Section 2: The Purpose of the Montgomery Historical Society shall be the preservation of Pratt Hall, artifacts, structures and memorabilia of historical interest to residents of the Town of Montgomery and friends of the area; provide a venue for local exhibits and for artisans to share their talents; sponsor programs that assist in preserving town history and cultural events; and award scholarships to students on an annual basis.
ARTICLE III
MEMBERSHIP AND DUES
Section 1. Any person or organization who tenders the necessary fee shall thereby become a member of the Society.
Section 2. The membership year runs from January 1 to December 31 of each year. Annual dues shall be payable in advance and members in arrears shall be dropped from membership.
ARTICLE IV
SCHEDULE AND QUORUM FOR MEETINGS
Section 1. The Annual Meeting of the Society shall be held in June of each year on such day, at such hour, and at such place as the Directors shall determine. At each annual meeting, the membership shall elect the Directors of the Society.
Section 2. Special meetings may be called by the Chairperson of the Board of Directors.
Section 3. Notice shall be given for all meetings of the Society.
Section 4. Ten (10) members of the Society shall constitute a quorum at the Annual Meeting of the Society.
ARTICLE V
DIRECTORS
Section 1. The Board of Directors shall consist of no less than five (5) and no more than fourteen (14) persons elected by the membership at the Annual Meeting.

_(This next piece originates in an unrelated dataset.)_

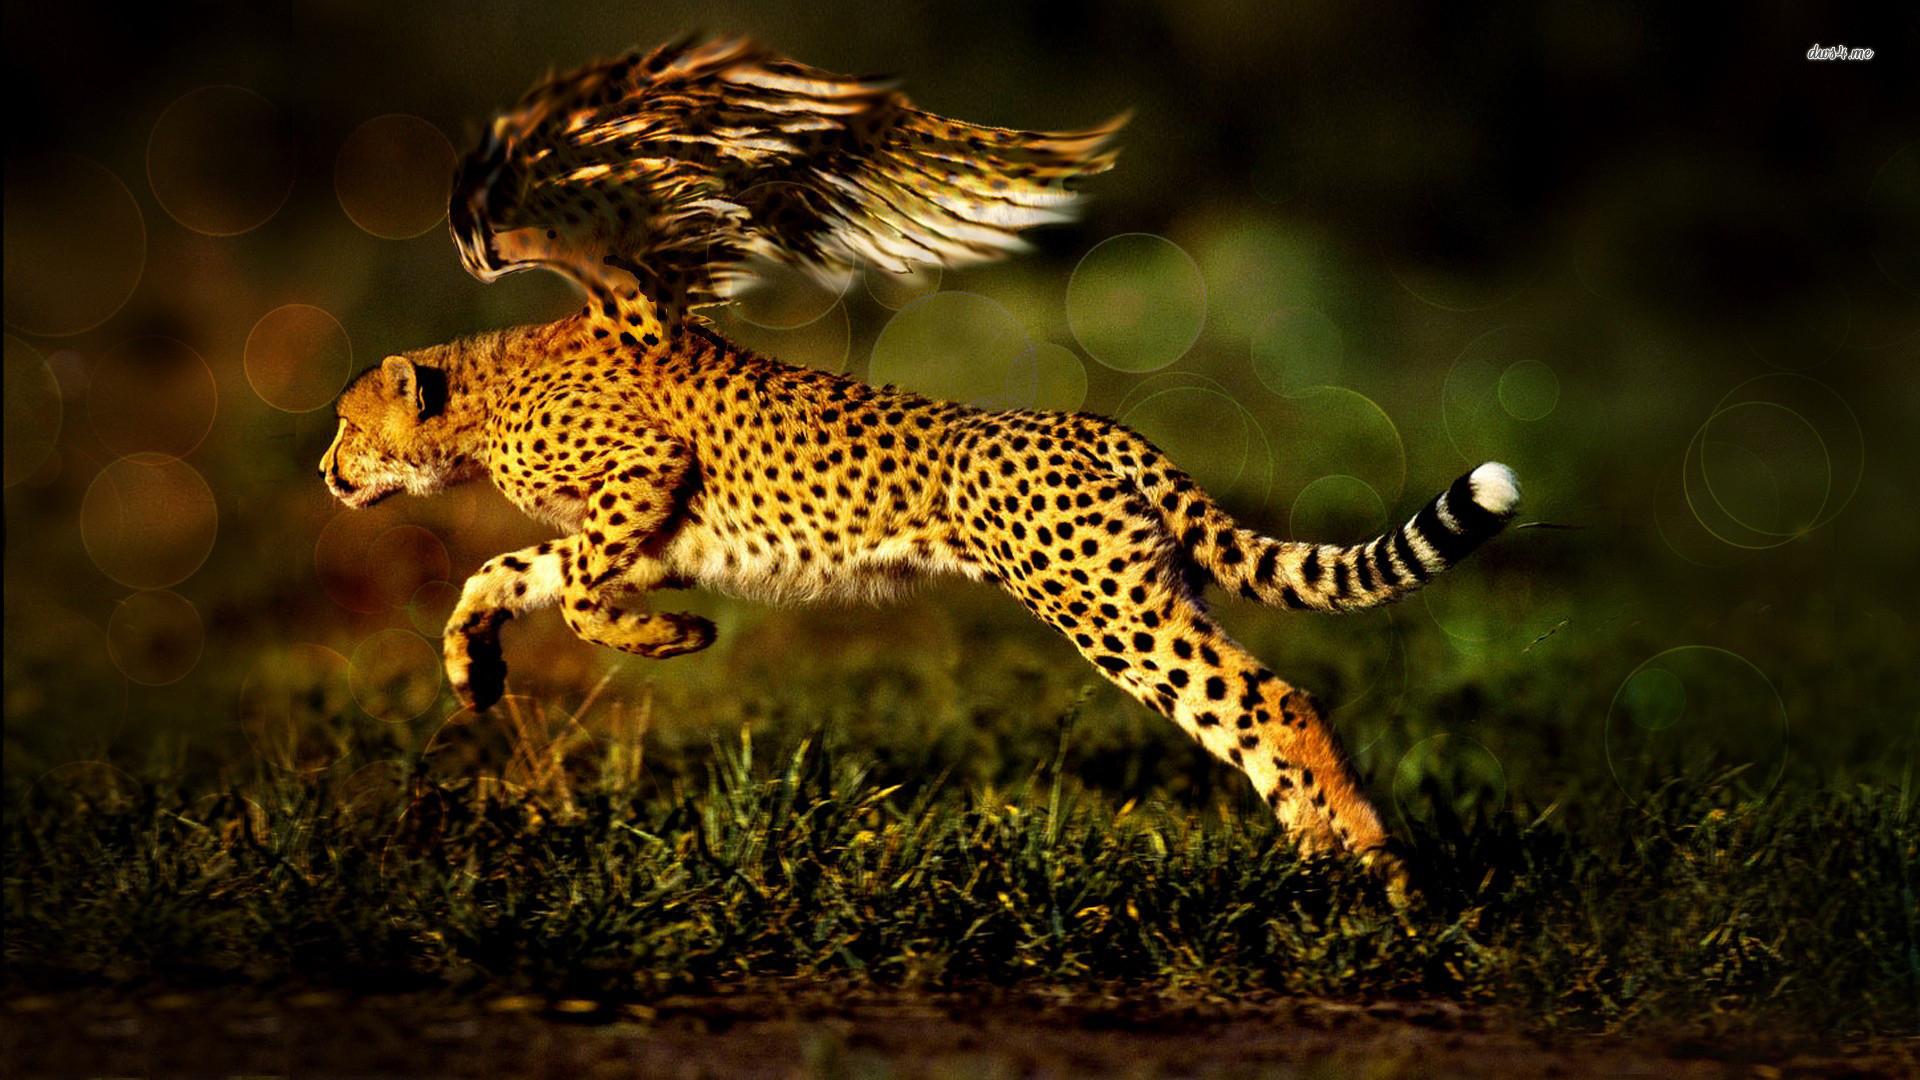 Res: 1920x1080, Fantasy - Cheetah Wallpaper

Section 2. The Board of Directors shall meet as needed to conduct the affairs of the Society.
Section 3. The term for a Director shall be one year.
Section 4. At any meeting of the Board of Directors, a minimum of five (5) members of the Board of Directors in office shall constitute a quorum.
Section 5. The Board of Directors, through its Chairperson, shall render an Annual Report at each Annual Meeting.
ARTICLE VI
OFFICERS
Section 1. There shall be a Chairperson, Vice Chairperson, a Treasurer, and a Secretary.
(a) The Chairperson, Vice Chairperson, Secretary and Treasurer shall be elected at the Annual Meeting of the Society.
(b) The Chairperson, Vice-Chairperson, and Secretary shall serve for a term of at least one (1). The Treasurer shall serve for a term of three (3) years.
(c) The Officers will be elected, or confirmed in the case of the Treasurer if said term is not expired, annually at the Annual Meeting.
Section 2. The Chairperson shall have the executive supervision over the activities of the Society within the scope provided by these By-Laws.
Section 3. The Vice-Chairperson shall assume the duties of the Chairperson in the event of absence, incapacity or resignation.
Section 4. The Treasurer shall be responsible for the safekeeping of Society funds and for maintaining adequate financial records. The Treasurer shall deposit all monies with a reliable banking company in the name of the Montgomery Historical Society. The Treasurer shall receive dues and render an annual report at each annual meeting of the Society.
Section 5. The Secretary shall keep the minutes of all meetings of the Society and the Board of Directors.
Section 6. The Chairperson shall have the power to appoint committees and committee chairpersons from time to time with no term limits to carry out the work of the Society.
ARTICLE VII
AMENDMENTS TO THE BY-LAWS
Section 1. These By-laws may be amended at any regular or adjourned meeting by a majority vote of the Directors present provided notice was duly given. They may also be amended at a Special Meeting called for that purpose with such previous notice and a majority vote of those members present.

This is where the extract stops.